Considering the degree to which the average Filipino dish is out of my culinary comfort zone, I had great luck with food on the trip, finding almost nothing I didn't like. Ironically, the dish that nearly ruined me came at lunch in Makati, one of the very few meals at which I was able to order for myself. We went to a place that touted oysters as the signature entree, but none of us actually ordered them; I went with tokwa't baboy, fried tofu and boiled pork in garlic soy sauce, figuring it sounded fairly safe given my good luck with pork throughout the trip. It didn't last. The first couple bites seemed pretty good, but the sauce quickly became overpowering and the meat started making me gag. In retrospect, I should have remembered that boiled meat is almost always awful, and most of the pieces seemed to be nothing but skin and fat, which didn't help. Worse still, some of the pieces of skin still had pig hair sticking out of them! When I asked Alma if this was okay, she assured me it could be eaten (though she didn't necessarily recommend it), so I did - and then almost immediately regretted it. As far as I'm concerned, the gross-out factor is right up there with finding a chunk of hoof in your Big Mac. Moments later I bit into something - God only knows what - that had one of the most repellent tastes ever to cross my tongue. I quickly swallowed lest I experience it again, but my gorge pushed up to at least 90% and didn't recede quickly. I choked down the remainder of the tofu and tried to wash out some of the taste with a few pieces of Alma's mango, but it only partially worked and I spent the entire rest of the day feeling ill.

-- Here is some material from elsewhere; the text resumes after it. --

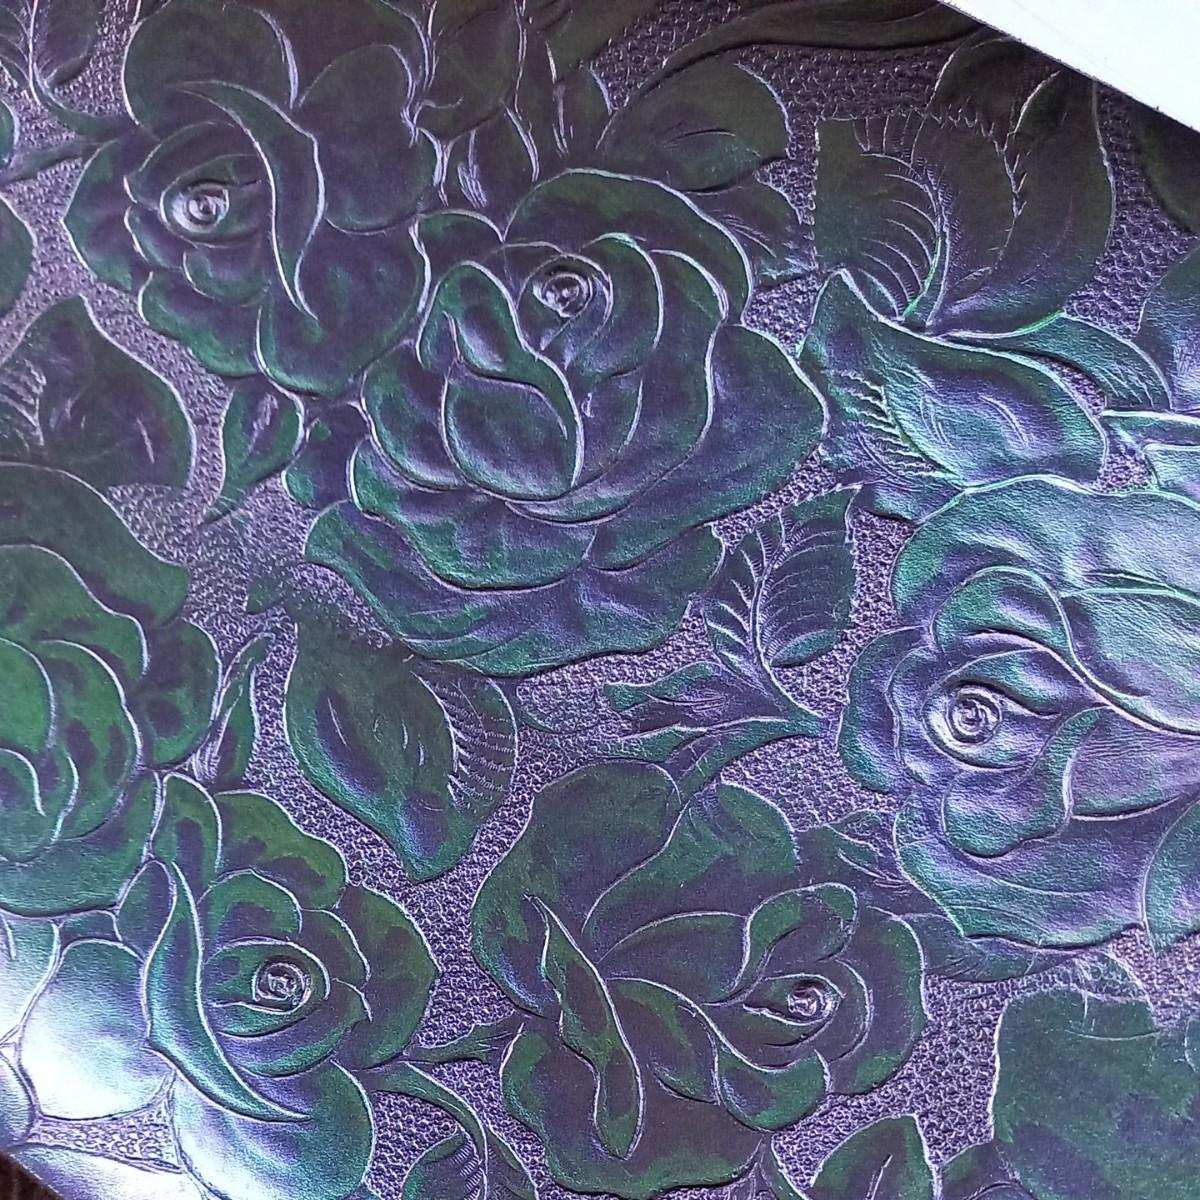 sale革ハギレ 薔薇型押し パールネイビーグリーン レザークラフト
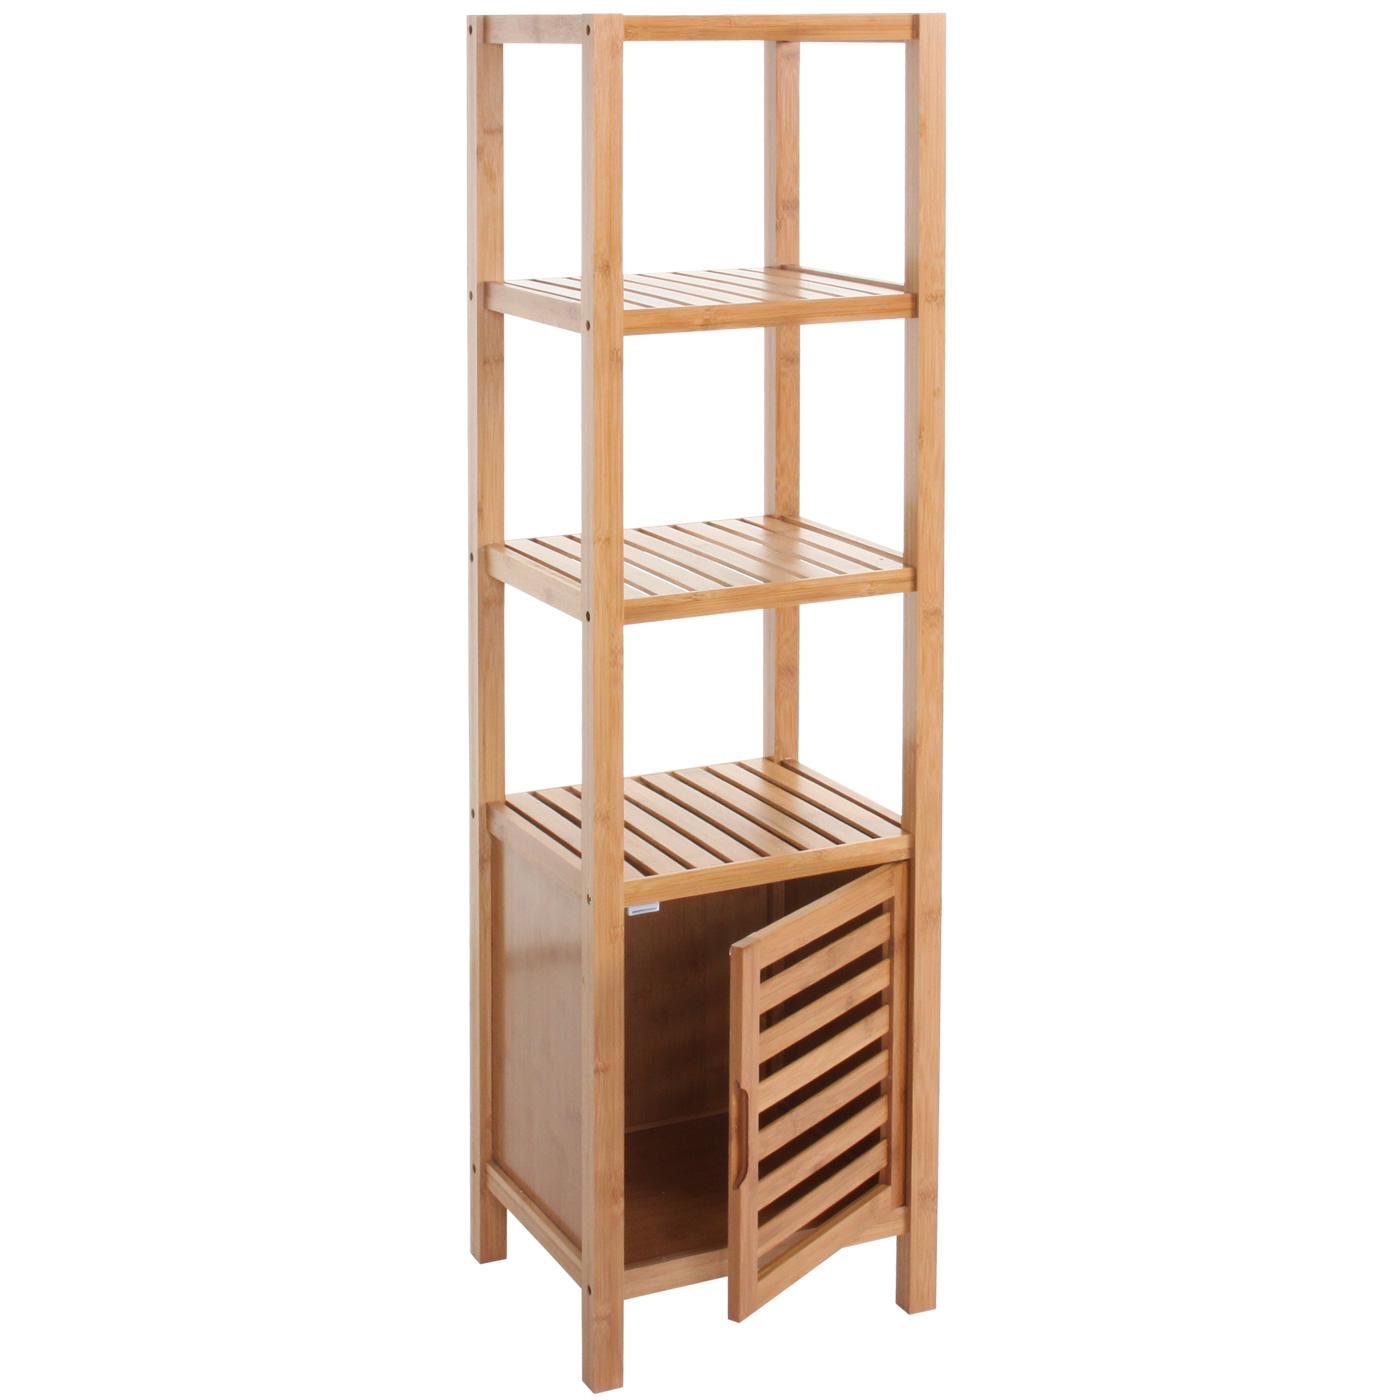 Badezimmer Set Nara, Badschrank Standregal Wäschekorb, Bambus 3-teilig | {Badschrank bambus 91}

After lunch we went to the Ayala Museum, which had a fascinating exhibit - at least I thought so - on gold artifacts from Philippine history, as well as some paintings by Filipino artists and a few other things. No pictures were allowed in the museum - cameras had to be checked at the front desk - so that's a large part of why today is so devoid of shots. After a short side trip to visit another family friend - a woman who had helped take care of Alma in Chicago many years earlier - we went to dinner in a modern, upscale part of town, where I was also able to get a nice book for my mom.

This sculpture of several carabao was near the restaurant where we had
lunch in Makati. I had to take a picture, because hey, carabao!